Deuxième points de vigilance : la soutenabilité du financement CVC. Si le club a intelligemment mobilisé les 44,2 millions d'euros du Plan Impulso, cette ressources est adossée à une cession partielle des droits audiovisuelles sur plusieurs décennies. L'enjeu, à moyen terme, sera d'amortir cet engagement tout en maintenant une dynamique de croissance sans nouvelles injections massives de capital.
Enfin, le maintien du niveau sportif reste un impératif absolu. La stabilité économique d'Osasuna repose sur la permanence en Primera, condition sine qua non pour préserver les recettes TV, les revenus liés aux abonnements (+23 % en 2023-2024), et les retombées marketing. La saison 2023-2024, marquée par un retour à la rentabilité, s'appuie sur des performances sportives solides (finale de Copa del Rey et qualification aux phases éliminatoire de la Ligue Europa Conference) difficilement garanties d'une saison à l'autre.

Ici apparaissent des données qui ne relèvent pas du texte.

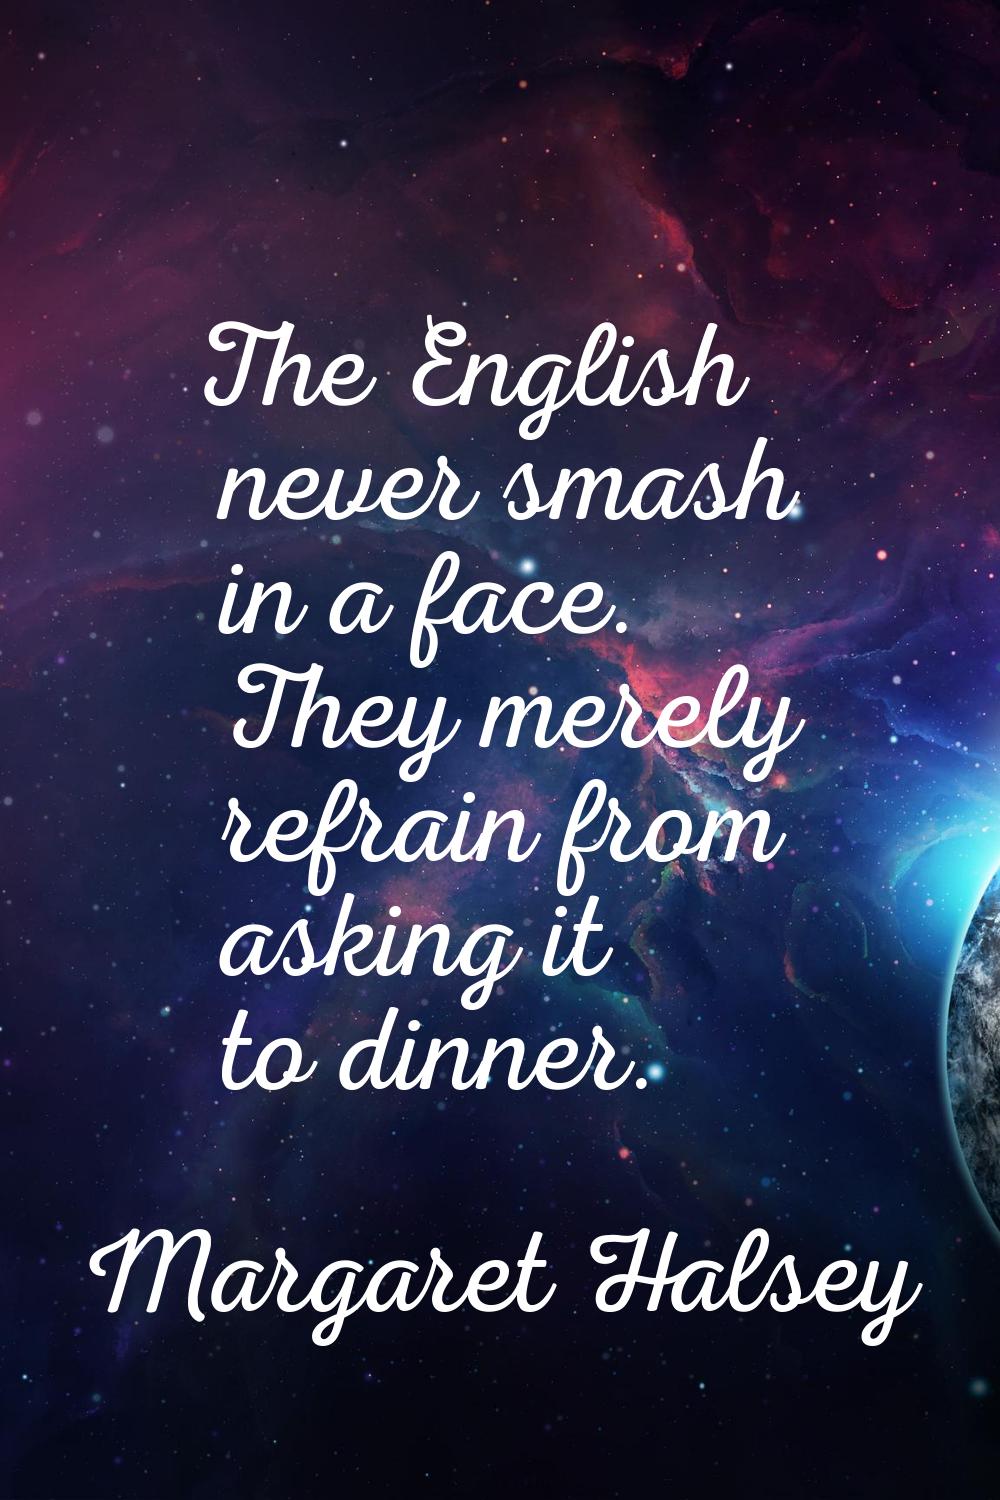 The English never smash in a face. They merely refrain from asking it to dinner.

Le club de Pampelune a démontré sa capacité à construire un modèle viable, mais son avenir dépendra de sa résilience face aux aléas sportifs et financiers. Un défi que le club semble désormais prêt à relever.
Une leçon pour les autres clubs
L'histoire économique récente du CA Osasuna constitue un cas d'école en LaLiga. Parti d'une situation quasi désespérée en 2014, le club navarrais a su, en l'espace d'une décennie, se reconstruire sur des bases solides : rigueur budgétaire, investissements ciblés, retour progressif à la pleine propriété de ses infrastructures.
Sans céder aux sirènes d'une croissance artificielle ou d'un endettement incontrôlé, Osasuna a démontré qu'un club dit "modeste" pouvait non seulement survivre, mais s'imposer durablement dans l'élite, en conjuguant prudence comptable et ambition sportive.
A l'heure où de nombreux clubs européens luttent pour concilier compétitivité et viabilité économique, l'exemple rojillo pourrait bien devenir une sources d'inspiration. Tajonar, El Sadar et la gestion de Sabalza incarnent une idée simple mais puissante : la réussite sportive ne doit pas se faire au détriment de la santé financière, mais avec elle.